You've probably noticed that it's harder to think clearly after a long day of reading, writing, and arithmetic—in short, after a long day of thinking. For the most part, that's not a particularly big deal, but a study out today in Proceedings of the National Academy of Sciences suggests it might matter to schools and their students. As it turns out, each hour that passes before starting a test drags scores down by a little bit, meaning students who take a test late in the day will perform noticeably worse.
A core assumption underlying academic achievement testing is that the tests measure, at least roughly, how much students have learned. Of course, that assumption isn't really true; for one thing, there are persistent racial biases in academic testing. But, economists Hans Henrik Sievertsen, Francesca Gino, and Marco Piovesan wondered, could there be even more fundamental cognitive biases? Like, say, how tired students are when they take a test?
Educators should consider cognitive fatigue when planning the overall length of school days.
To answer that question, the trio analyzed scores from every student who took the Danish National Tests between the 2009–10 and the 2012–13 school years. That includes 10 tests in all—reading in grades two, four, six, and eight; math in grades three and six; and geography, physics, chemistry, and biology tests in grades seven and eight. In total, there were 2,034,564 test scores representing 570,376 students in 2,105 schools. Tests were given in three parts, presented to each student in random order, and lasted throughout the day, with breaks around 10 a.m. and noon.
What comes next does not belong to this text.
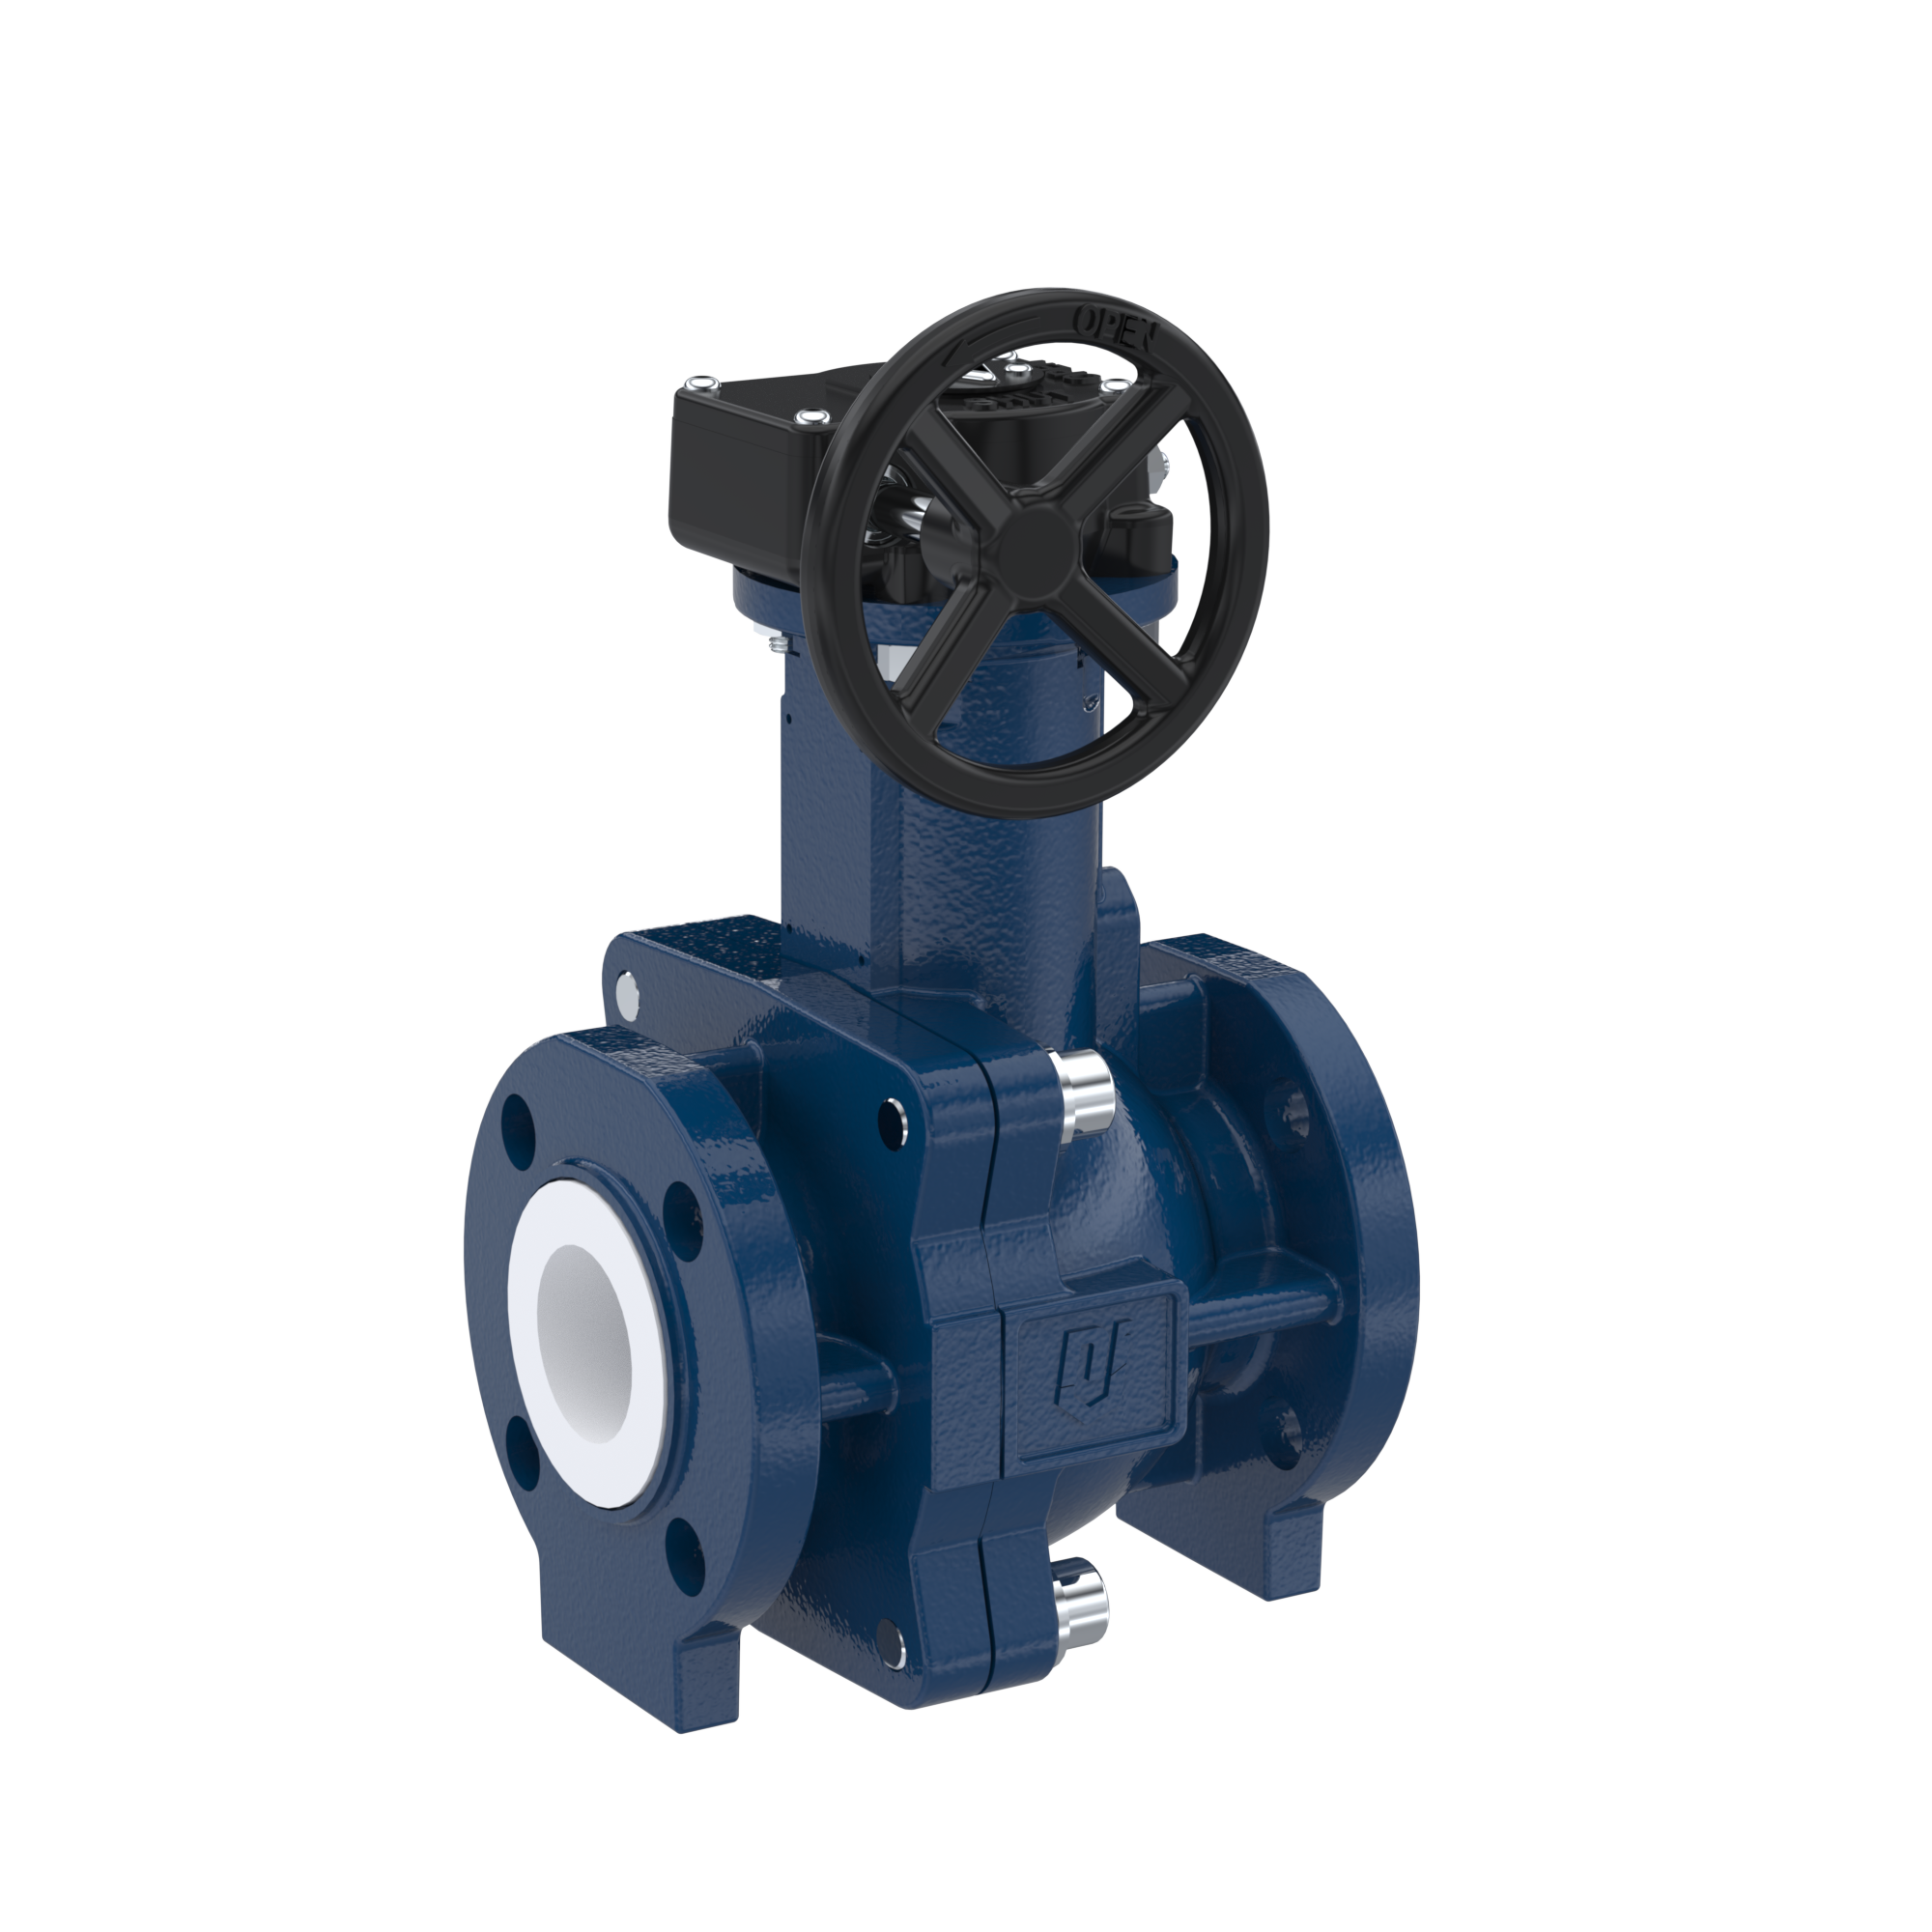 PFA-flange ball valve FK13 DN80 - 3" inch ANSI 150 made of spheroidal graphite cast iron with worm gear

Percentile rankings, which show where students rank on a 100-point scale, declined by about two-tenths of a point per hour on average, though how much scores dropped—and whether they dropped at all—changed throughout the day. Students who took a test at 9 a.m., for example, ranked 1.35 points lower than those who were tested on the same material at 8 a.m. Ranks increased 0.37 points after a 10 a.m. break, but dropped again by 0.58 points for tests taken at 11 a.m.
To put those results into context, the team also estimated the effects of parental income and other demographic measures. On average, taking a test one hour later in the day was about the same as parents making $1,000 (in American dollars) less, parents being educated one month less, or kids having about 10 fewer days of schooling—not large effects by any means, but important ones nonetheless.
Those results don't mean schools should necessarily test students earlier in the day, Sievertsen, Gino, and Piovesan write. Instead, educators should consider cognitive fatigue when planning breaks and the overall length of school days, including test days, and whether it's feasible for schools to adjust scores to account for the time of day the tests were taken.